Tem e acho que deve ter sempre, não devemos diabolizar funções, todos somos necessários. Eu sou cirurgião e tenho uma equipa, tenho um anestesista que está sempre a ralhar comigo se eu saio das regras para manter a segurança do doente, tenho a enfermeira instrumentista, etc. Governar um país e governar a saúde é também um trabalho de equipa, temos de ter alguém com as preocupações financeiras e económicas, sabemos que os recursos não são infinitos, temos de ter alguém a acender a luz de alerta. Mas temos também de ter alguém que não tem que ter essa preocupação, que tem que ter em conseguir o mais possível para os doentes. Onde nasce a solução disto? Na confluência das duas forças de forma equilibrada. Às vezes porque acontecem alguns episódios diabolizamos logo o árbitro. Eu acho que não. Voltando ao futebol. O guarda-redes está sempre a chatear os defesas para se posicionarem, mas não é inimigo dos defesas, quer que eles defendam bem e quer que passem a bola para a frente para que os outros marquem golo. Cada um tem funções distintas, mas todos querem o mesmo. E com isto não quero estar a branquear ninguém, nem quero estar a apoiar esta solução governativa. É só porque estou animado de um grande espírito de cidadania. Temos um desafio lançado pelo Presidente da República, neste sentido o que tenho dito é: não vejo dificuldades inultrapassáveis no sistema. Vejo coisas próprias do dia-a-dia, mas não vejo nenhuma incompatibilidade entre as Finanças e a Saúde, as Finanças cumprem o seu papel, fazer com que os recursos cheguem para tudo e para todos. E depois há o emprego do outro, o que governa a Saúde, que é fazer chegar a todos os portugueses o melhor possível. Portanto, todos os dias há um jogo entre os dois, em que uma vez sobrepõe-se mais um, outra vez sobrepõe-se mais o outro.
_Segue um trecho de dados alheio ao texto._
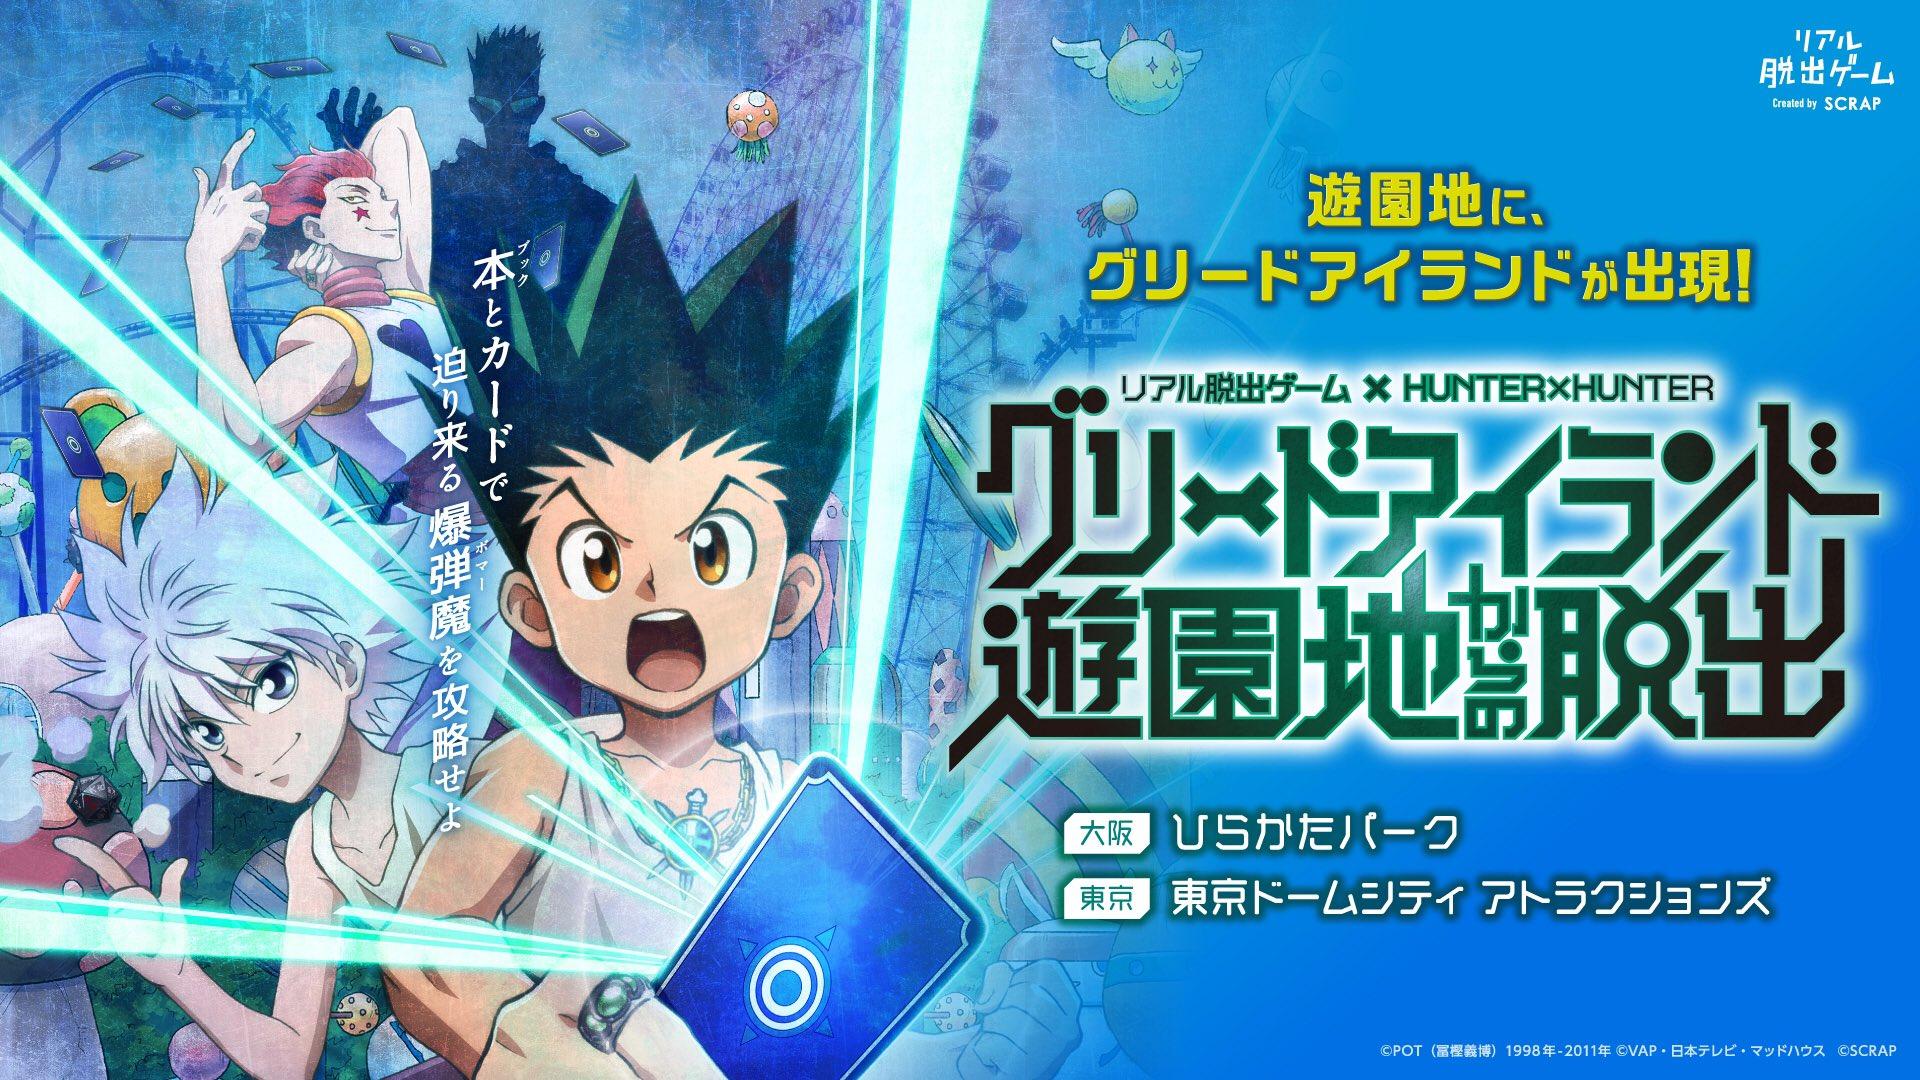 『HUNTER×HUNTER』リアル脱出ゲームが東京ドームシティで開催!アニメキャストの録り下ろしボイス&サブミッションも登場

Já disse mais de uma vez que esta não é a sua solução de governo, mas teve de trabalhar com o ministro, nomeadamente na candidatura à Agência Europeia do Medicamento. Como foi esse trabalho e como é a sua relação com Adalberto Campos Fernandes?
Foi uma relação séria, de empenhamento recíproco, e como lhe disse tenho muito respeito pelo ministro. Sei o que ele passa todos os dias para conseguir resolver todos os problemas que tem em cima da mesa, gerir os diferentes desafios e as exigências, como tenho respeito por este governo. Eu sou português, eles estão a fazer o que podem. Não é minha solução, mas eles não são meus inimigos viscerais. Eu preferia outros, mas não estou revoltado com o mundo. Dito isto, estou disponível, como estive sempre, para soluções que sejam servir a melhoria do país. Na altura das eleições é outra questão, mas quem ganhar terá sempre o meu empenhamento.